You can tell its a feeding frenzy with the food particles all around!

----------


## Panut

its from lfs or owner?

----------


## Samuel2618

Nice.. That is C. Hastatus.. Hope they will reach our shore soon.. Really miss them a lot in my tank last time..

----------


## whiskerbreed

Nice! 
I can see quite a few females..maybe one day they'll breed for you!
 :Grin: 

Haiz..reminds me of my C. hastatus.
 :Smile: 


SuD
 :Cool:

----------


## properfool

Bleah what a cruel title...I'm sure you got all the C. hastatus maniacs excited and ready to dash to the LFS for a moment there

----------


## leeruisheng

Wah nice. These fishes just introduced into the tank? Cause they looked rather pale.

----------


## benny

OOHHH!!!!!! Such lovely fishes! This species is one of my favorite!!
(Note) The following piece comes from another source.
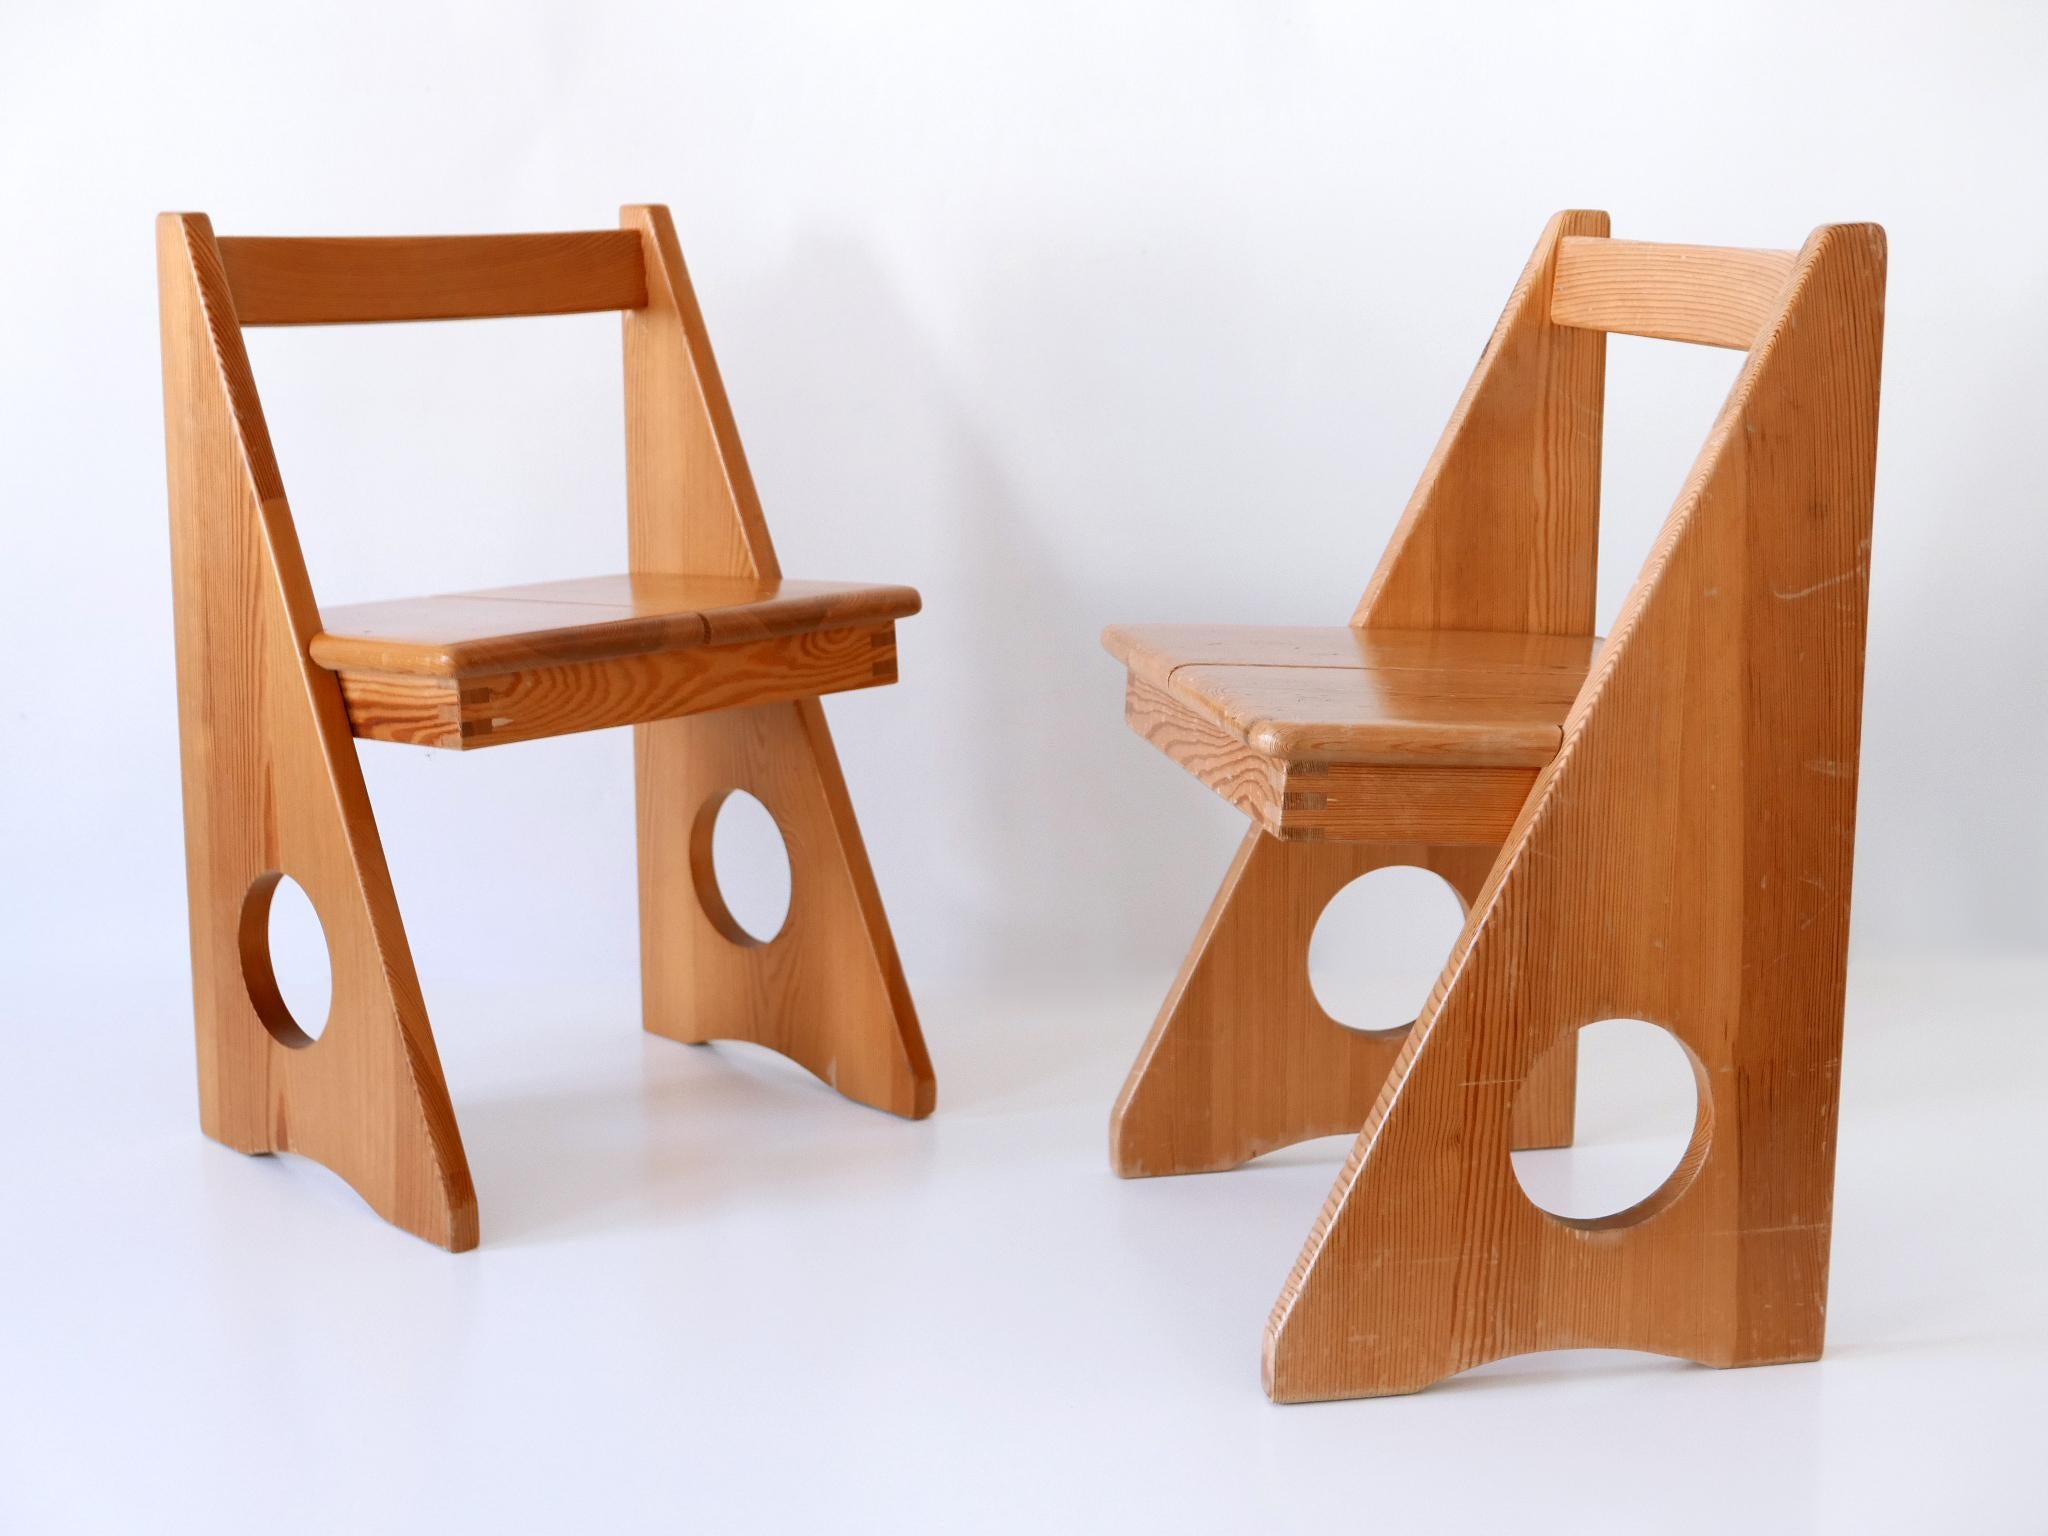 German Set of Two Children's Chairs by Gilbert Marklund for Furusnickarn Sweden, 1970s For Sale

I do hope they breed too!!

Cheers,

----------


## ranmasatome

I'm sure they will breed. But need to fatten them up first...  :Smile:

----------


## aquanatix

ARGH! What a misleading post! And there i was wondering why this wasn't posted in the aquatalk area with the other sightings thread! Damn they're beautiful! Wonder who's the lucky guy who's hoarding these little buggers! :Evil:  Anyway,looks like he managed to breed them over the years? Anymore info regarding these fishes _celtic_?

----------


## celticfish

Sorry to get some of you so excited with the post and pictures...  :Roll Eyes: 
I had done some searching in the forum and realized the last sighting was in second half 2002!  :Shocked: 

@ whiskerbreed,
Now that's good news on the females!

@ leeruisheng,
Yes, I thought they were looking a little pale too.
But I did overexpose the shots though.
Hopefully thats the cause.


The fish were imported "manually"...  :Grin: 
For some reason or another the LFS/farms have not been too interested in these cute cories.
Maybe I can bring my camera and show auntie the pictures.
I suspect there may be enough numbers to make a "special request".
But no promises on this okay?  :Opps: 

But if that fails, rest assured the owner is definitely trying his darndest to breed them!  :Laughing: 
They do need some fattening up as Ranma suggest though.
However, I also realize that there are some with black eyes in the group.
That's good news people.
Its one of the signs that the female are "ready to drop"!  :Wink:

----------


## aquanatix

Imported manually?Any idea which exact country?
But still it's good news,at the very least someone here has them and trying to breed them! Let's just hope auntie will consider a special shipment!sigh~ :Sad:

----------


## Cpark188

I saw many corydoras Panda at polyart, very cute looking baby panda.

----------


## celticfish

Actually the LFS are dependent on the "importers" to bring in any fish.
If the margins are good they will keep bringing them in "while stocks lasts".
Just like last years L046 diarrhea...  :Grin: 

I managed to get some of these beauties for myself and they have been doing "it" consistently for sometime now...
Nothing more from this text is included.